Death toll from tainted alcohol in Costa Rica rises to 25

Twenty-five people have died and dozens more have been hospitalized after drinking tainted liquor in Costa Rica, health officials said Monday.

The announcement came nearly a month after the country’s health ministry first put the alcohol-related death toll at 19 and attributed the deaths to methanol poisoning.

Liquor producers sometimes use the potentially toxic liquid to increase profit margins and raise alcohol content, according to the Associated Press.

In a news release, Costa Rica’s Health Ministry had it had seized more than 55,000 bottles of liquor and shuttered 10 supermarkets and other places in the country’s capital, San José, and in the city of Alajuela, that sold the tainted alcohol.

Among the dead were 19 men and six women between the ages of 32 and 72, the ministry said. Fifty-nine people had also been hospitalized.

A ministry spokesperson told NBC News that no tourists had died and that nearly all of the dead were Costa Rica citizens.

Walker Barnes, a 25-year-old Californian who said he visited the country last month on a surf trip with his family, said in an interview that on his last night there he drank a local rum that Costa Rican officials have identified as tainted.

A day after returning to Los Angeles, Barnes said he started experiencing fatigue and achy muscles. Soon, Barnes said he could barely move.

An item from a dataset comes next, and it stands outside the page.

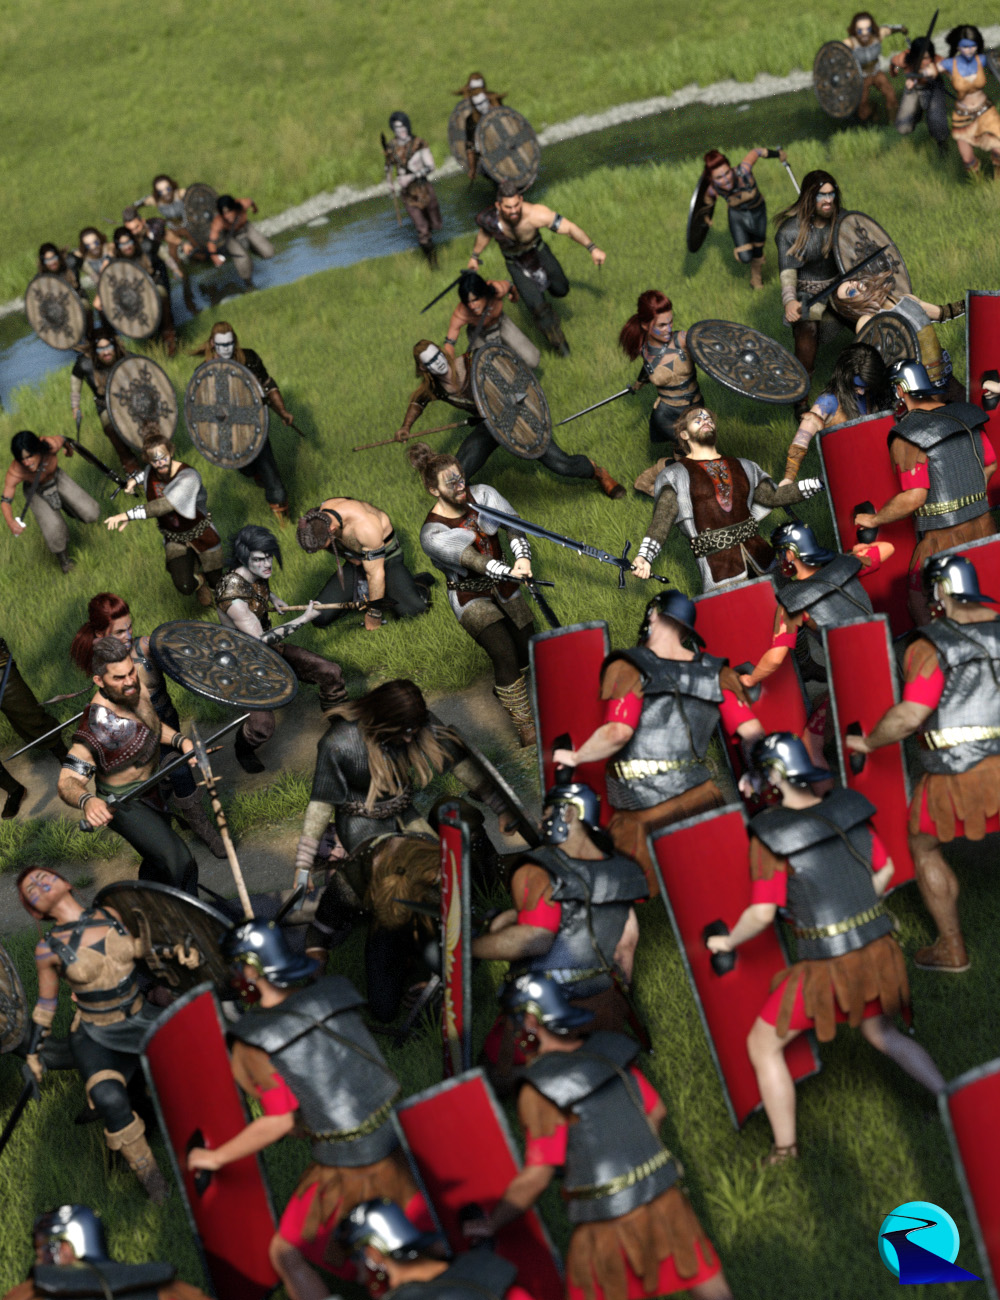 Now-Crowd Billboards - Barbarian Warriors Injured (Barbarian Warriors Vol IV)
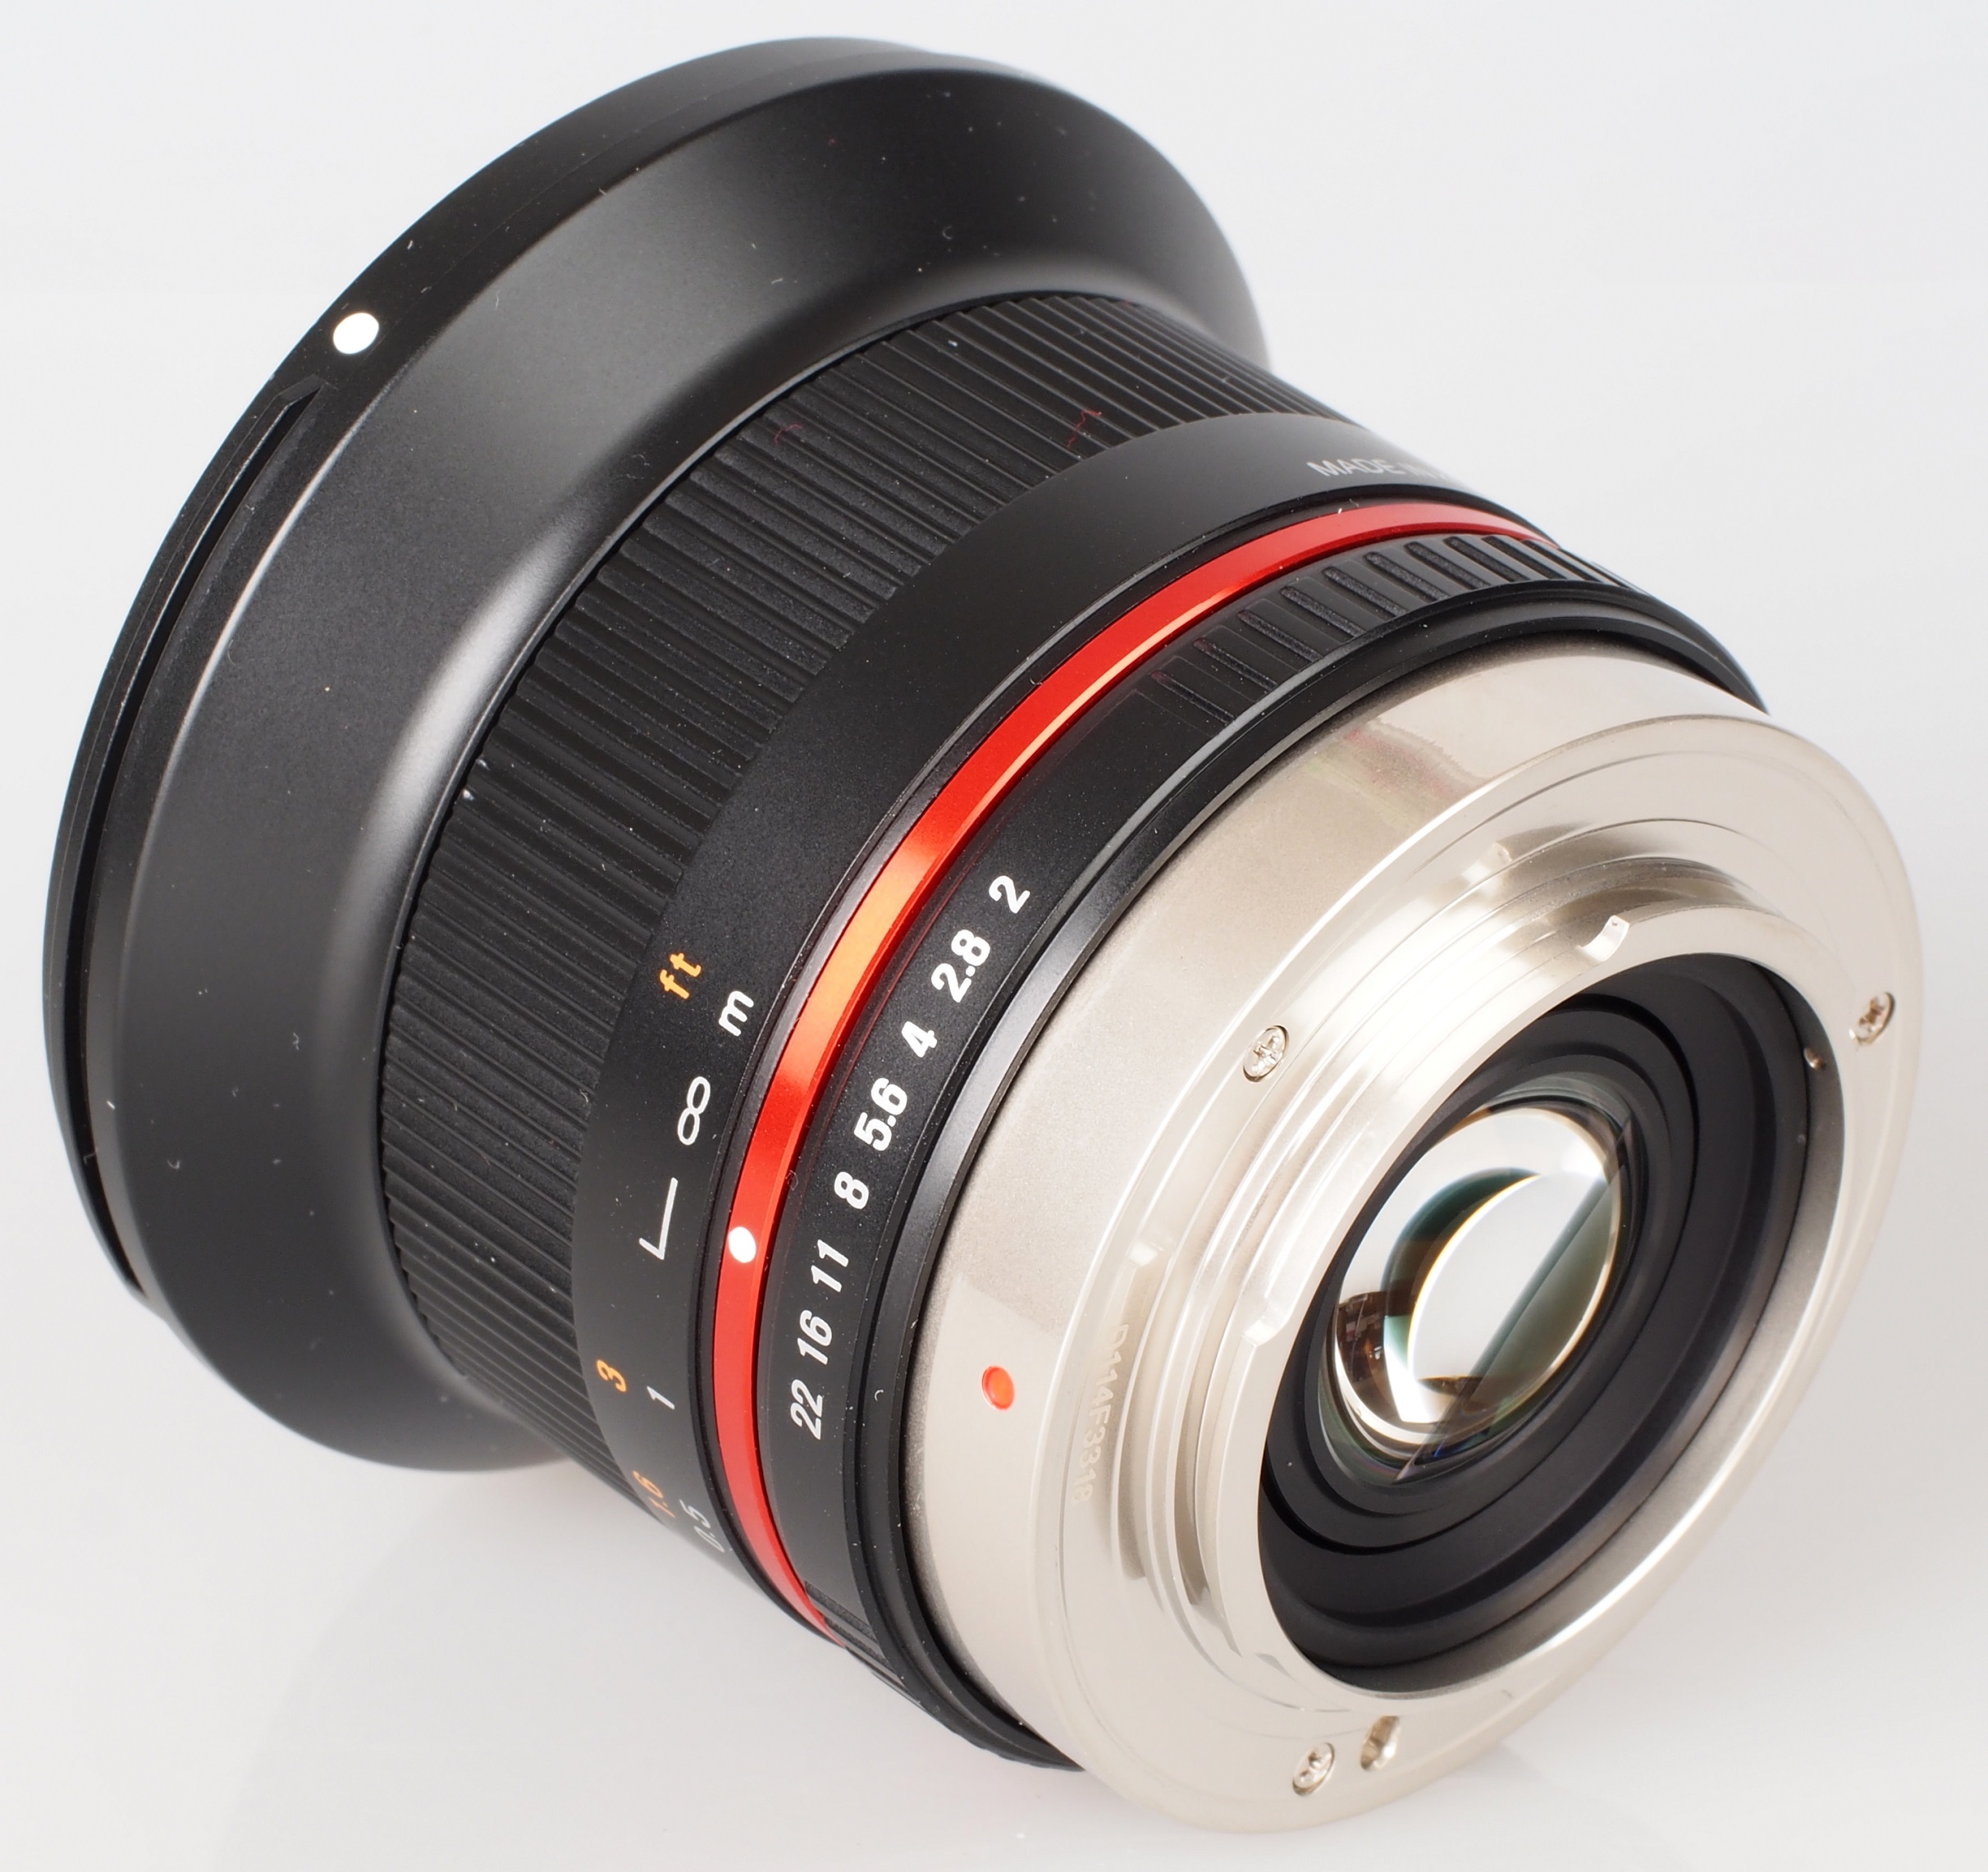 Samyang 12mm f/2.0 NCS CS MFT Lens Review

A battery of tests and several days in an emergency room followed, Barnes said, adding that he was released without a diagnosis.

Doctors told him that “he must have a weird virus or a curious case of pneumonia,” Barnes’ brother, Fletch Barnes, said in an Instagram video about the ordeal that includes hospital footage.

After seeing an article about what had happened in Costa Rica — and talking to his doctor about it — Barnes said the physician agreed that his symptoms appeared to point to methanol poisoning.